Guild also had a competitive line of electrics, with hollow, semi-hollow and solidbody offerings that blurred brand lines. The large body jazz style “X” series and Starfire series were a great counterpoint to classic Gibson models, and the solid bodies like the Thunderbird, SG-like S-Series, M75 Aristocrat and a slew of unique 1980s models gave a true third option in the generally two-brand-dominated electric market.

Guild was also historically the “working man’s” guitar. Many of us were first able to truly appreciate the Guild heritage through the used market, as affordable resale prices made vintage Guild attainable compared to similar Gibson models. An original 1970s S-100 sells for around $1500, where a Gibson SG of the same vintage averages about $2000. Vintage Guilds were even more affordable just a few years ago.

Members of the music community were thrilled when Fender purchased Guild in 1995. After stints in Corona, CA and Tacoma, WA, the parent company went on to open a New Hartford, CT shop which produced standard models and occasional custom shop lines such as the Orpheum.

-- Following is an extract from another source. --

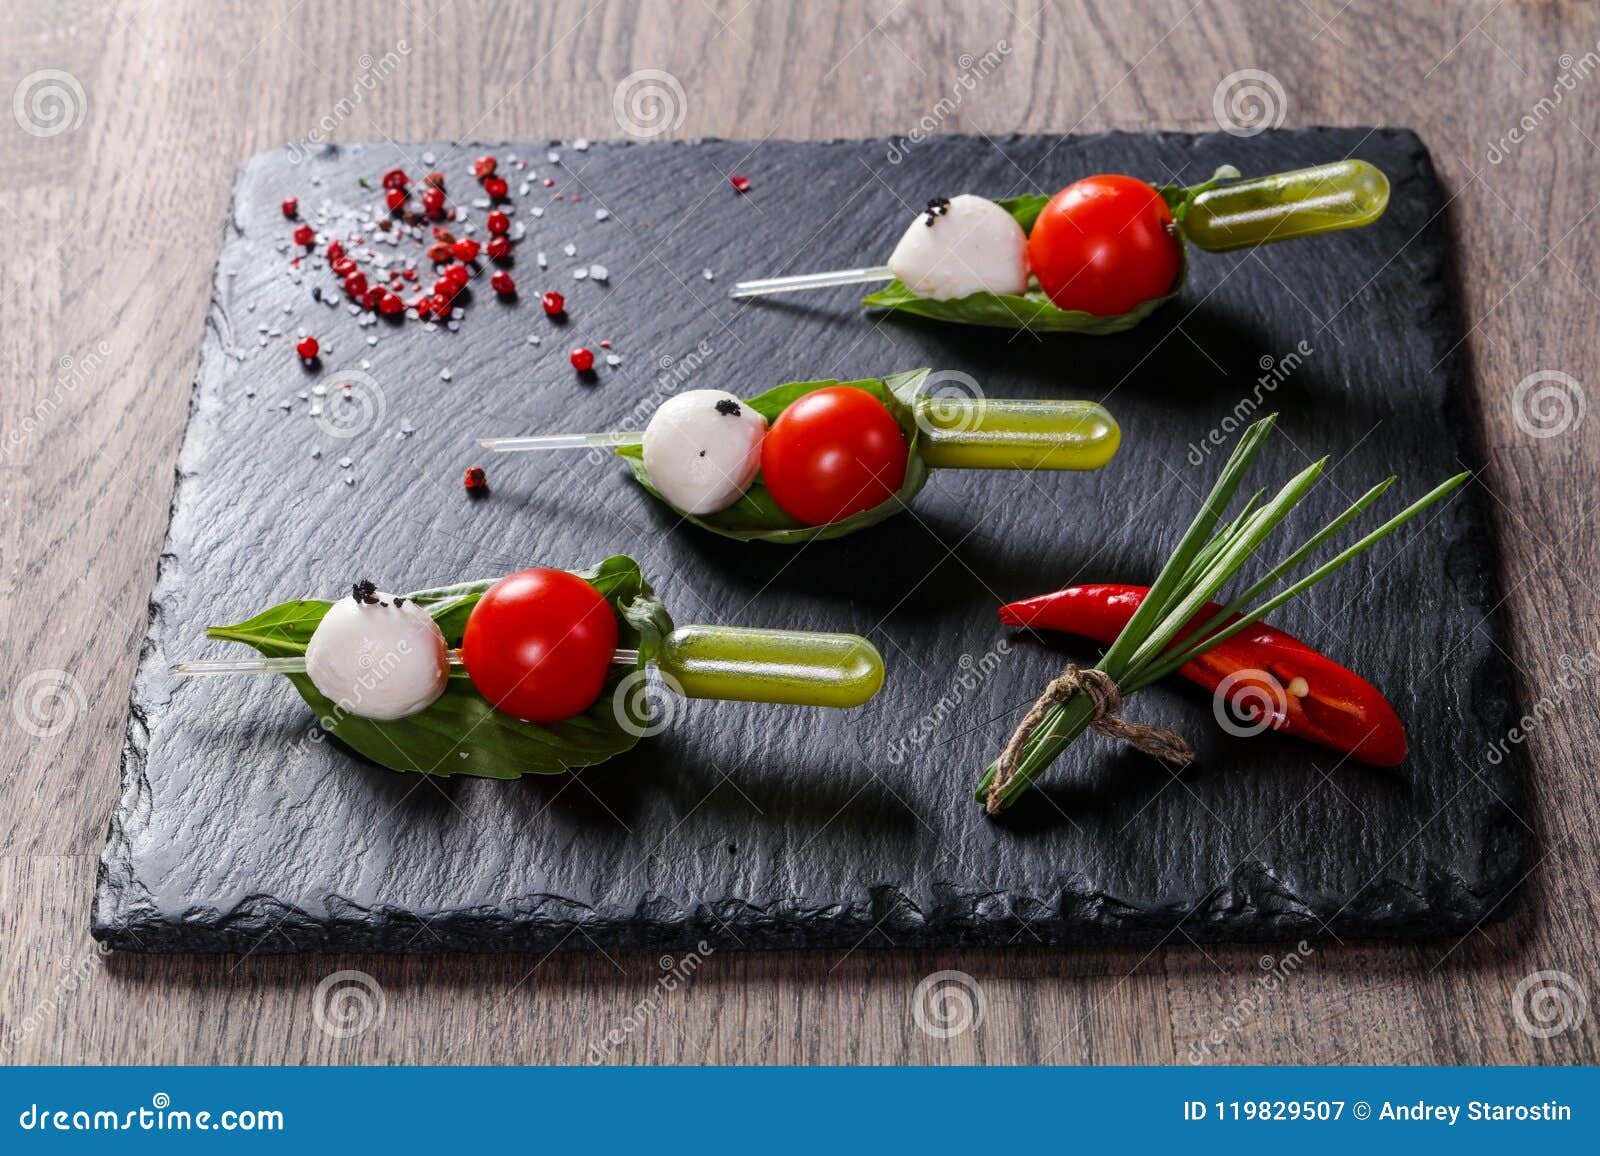 Canape caprese with oil stock image. Image of lunch - 119829507
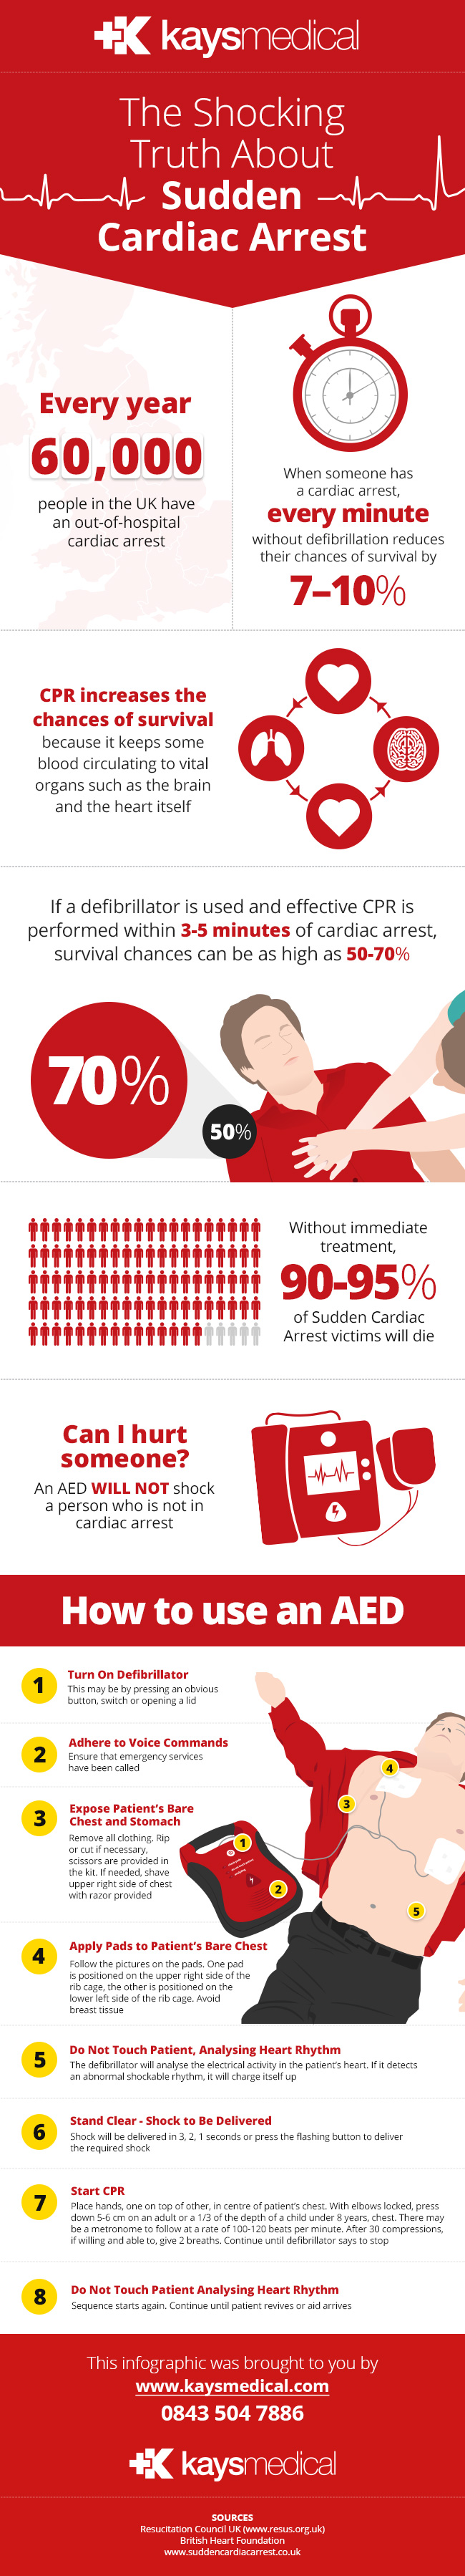 what to do if someone is suffering from a cardiac arrest

However, fans were disappointed when Fender suddenly decided to sell the brand and cease USA production in 2014.

While Fender was in charge, Guild began a run of Chinese-made acoustics and Korean-made electrics, along with USA custom shop models. When the company was sold, many wondered what would happen to the brand; would the buyer turn it into a money grab and just sell low-quality copies, like Harmony and Silvertone? Would it be a custom shop-only endeavor like Hamer?

Fortunately, the brand was quickly bought by well-respected classical maker Cordoba, which moved production to Oxnard, CA, nearer to its West Coast headquarters. Fans of of the brand were curious about the new owners, the future of the brand, and if Guild’s heritage would remain central to the new products.

Master Builder Ren Ferguson Takes the Helm

Fender had recruited the services of Master Builder Ren Ferguson, whose history with both Fender and the Gibson Montana Acoustic Custom Shop is legendary. When Cordoba purchased the brand, industry leaders were interested to see how Guild planned to utilize Ren as a measure of Cordoba’s commitment to the new Guild project.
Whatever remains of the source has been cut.